La pandémie du covid-19 nous a laissé entrevoir ce que serait la vie dans un monde durablement confiné. Imaginer la vie humaine sur Mars nous conduit à envisager les comportements qui seraient les plus adaptés et les plus acceptables, en anticipation indirectement de ce que pourrait devenir les conditions de vie sur Terre et les contraintes auxquelles nous devrions tous nous plier. En effet le milieu viabilisé martien sera très exigeant, poussant à l’extrême des tendances que l’on voit apparaître sur Terre avec la surpopulation et la facilité des déplacements, donc les brassages de population et la multiplication des contacts. 

Les caractéristiques du milieu martien habité seront les faibles volumes viabilisés disponibles, la forte densité de population et le fort isolement par rapport aux sources externes d’approvisionnement (de fait, terrestres !). Cela conduira donc à la construction de structures protectrices de dimensions réalistes compte tenu des différences de pressions entre intérieur et extérieur (soit de 500 à 6 millibars en moyenne), disposant d’une atmosphère respirable créée à partir des gaz disponibles localement) et qui devront être entretenues (résistance, dégradation des matériaux, fuites, etc…). Le résultat c’est que pour très longtemps les « villes » martiennes seront petites, très densément peuplée, d’une population très réduite par rapport à celle de la Terre ; peut-être, au mieux, comme l’Islande aujourd’hui (300.000 habitants). 
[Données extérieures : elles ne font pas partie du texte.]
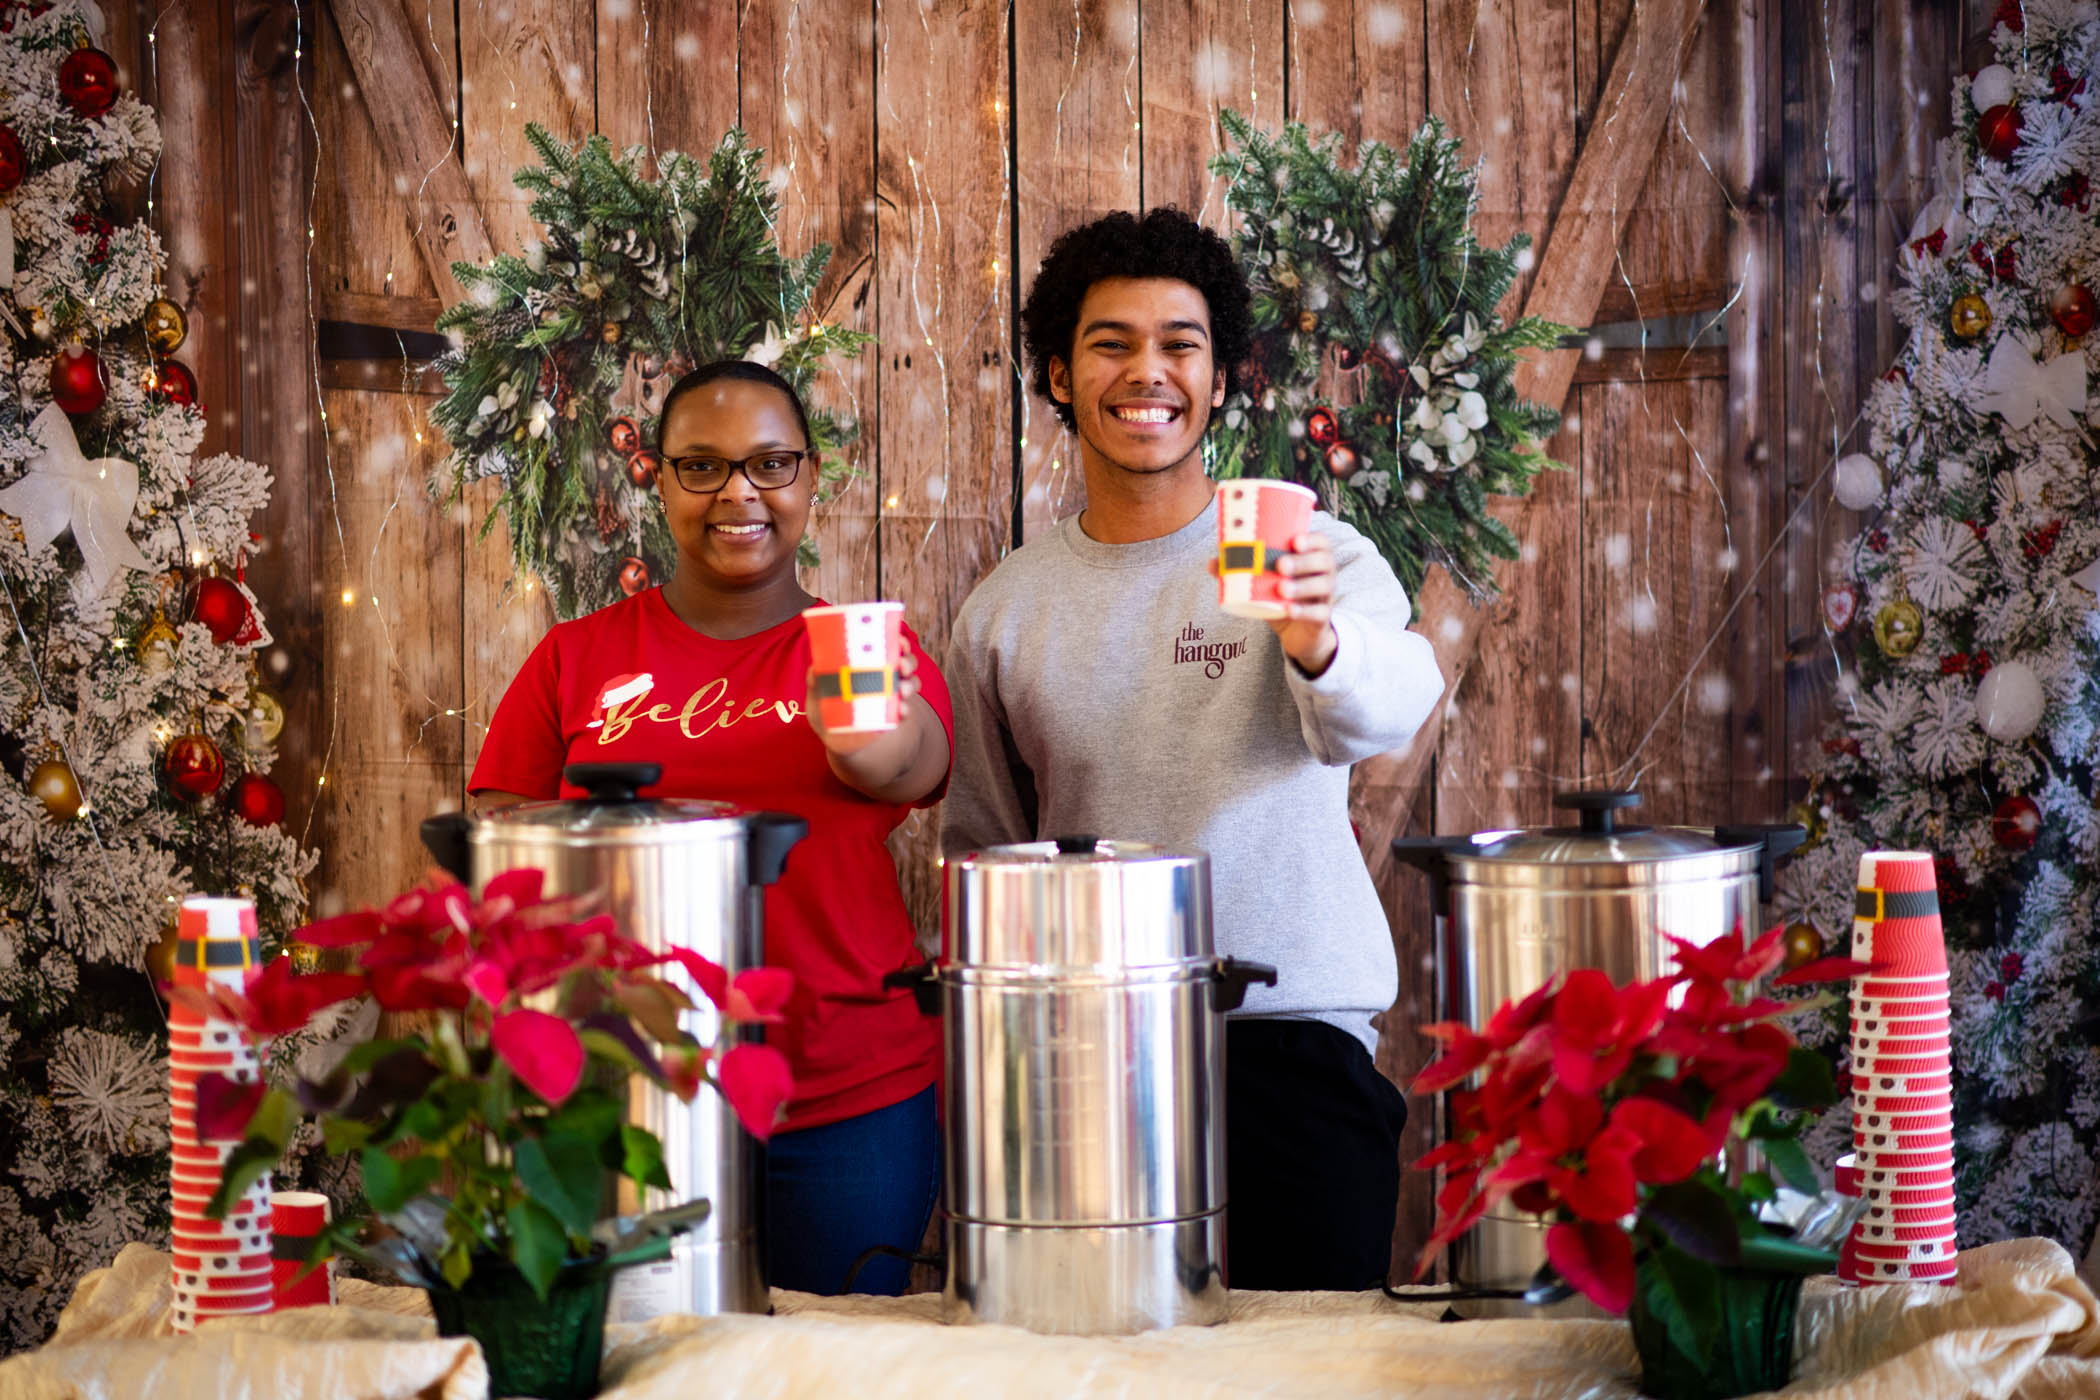 The Graduate School staff Robbie Salters (Left) and Tyrone Tolbert Jr. (Right) service hot cocoa and apple cider to those excited for the holidays at the department&#039;s annual hot coca bar.

Au sein de ce milieu relativement restreint en volume, les hommes mais aussi les plantes et les animaux devront coexister. Or le propre des êtres vivants (à la différence des robots) c’est (1) que chacun d’entre eux « vient avec » son microbiote (l’ensemble de ses hôtes microscopiques qui vivent de l’être vivant, pour l’être vivant, et éventuellement contre l’être vivant), évoluant au sein d’un microbiome (enveloppe au contour flou et mouvant occupé par le microbiote), (2) qu’on ne peut évidemment pas stériliser le microbiome sans tuer l’être vivant qui en est le cœur, (3) que ces microbiomes sont forcément en contact les uns avec les autres quand les êtres vivants sont proches physiquement les uns des autres et que, de ce fait, des échanges de microbes se produisent entre individus ou populations. 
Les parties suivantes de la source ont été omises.